We entered the tunnel mouth. It was not a perfect square. Erosion and gravity had turned the perfect tunnel into a rough cave for a hundred meters into the cliff wall. Beta stopped just where the tunnel floor grew smooth and extinguished his torch. The other Bikura did likewise.
It was very dark. The tunnel had turned enough to block out any starlight that might have entered.

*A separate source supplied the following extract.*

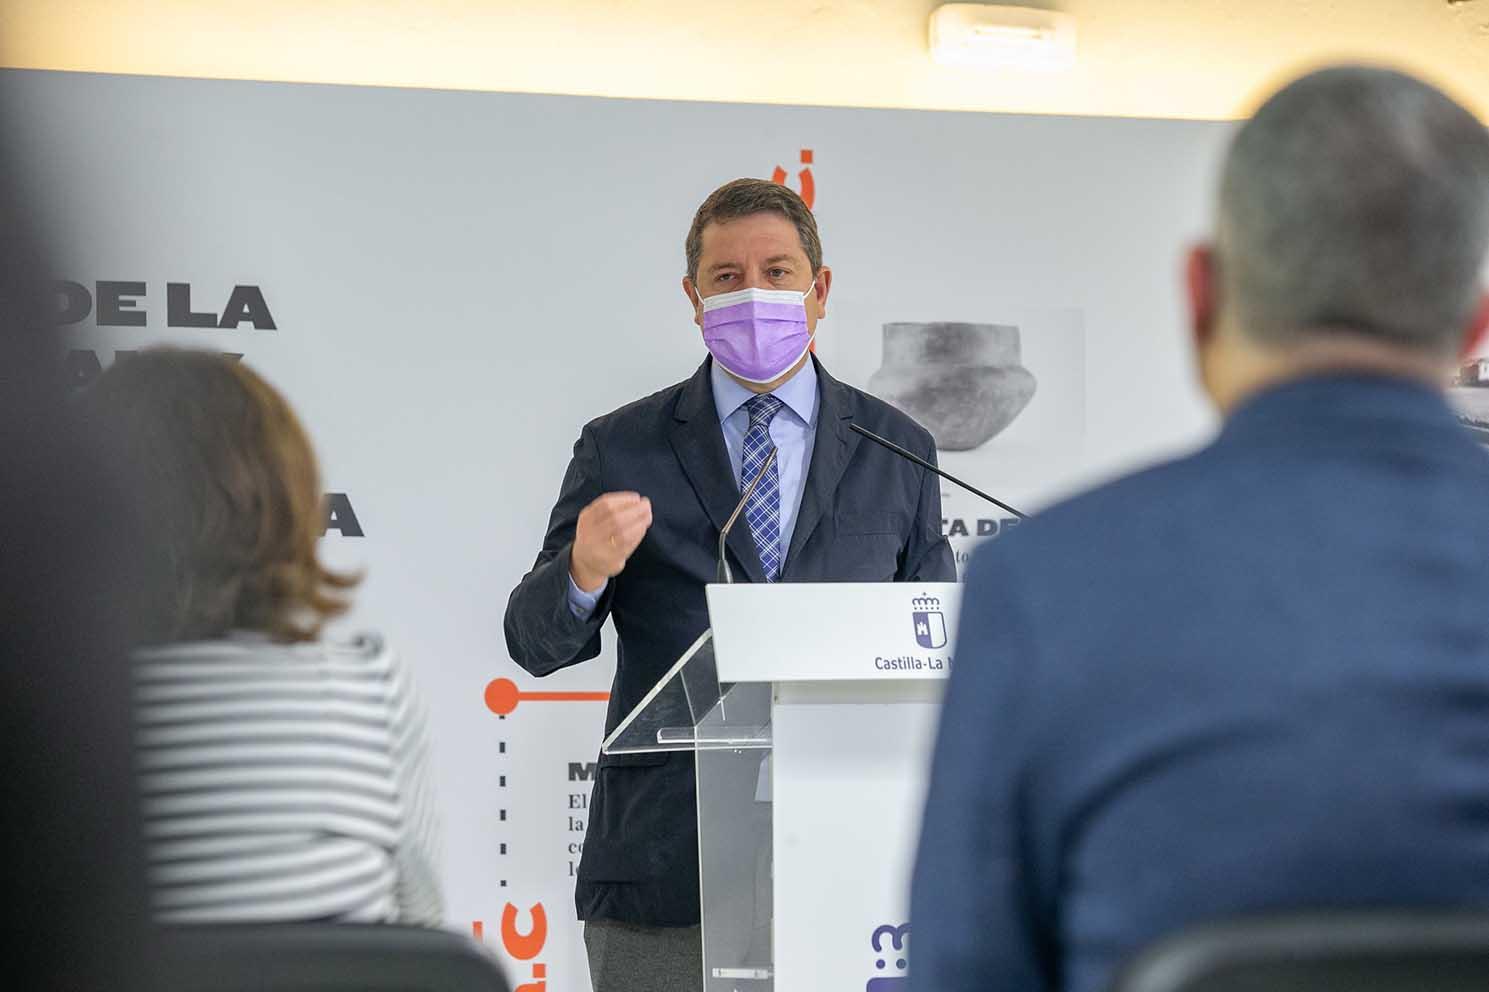 El presidente de Castilla-La Mancha, Emiliano García-Page, en la inauguración del Centro de Recepción de Visitantes.

I had been in caves before. With the torches extinguished, I did not expect my eyes to adapt to the near-total darkness. But they did.
Within thirty seconds I began to sense a roseate glow, dim at first, then ever richer until the cave was brighter than the canyon had been, brighter than Pacem under the glow of its triune moons. The light came from a hundred sources—a thousand sources. I was able to make out the nature of these sources just as the Bikura dropped reverently to their knees.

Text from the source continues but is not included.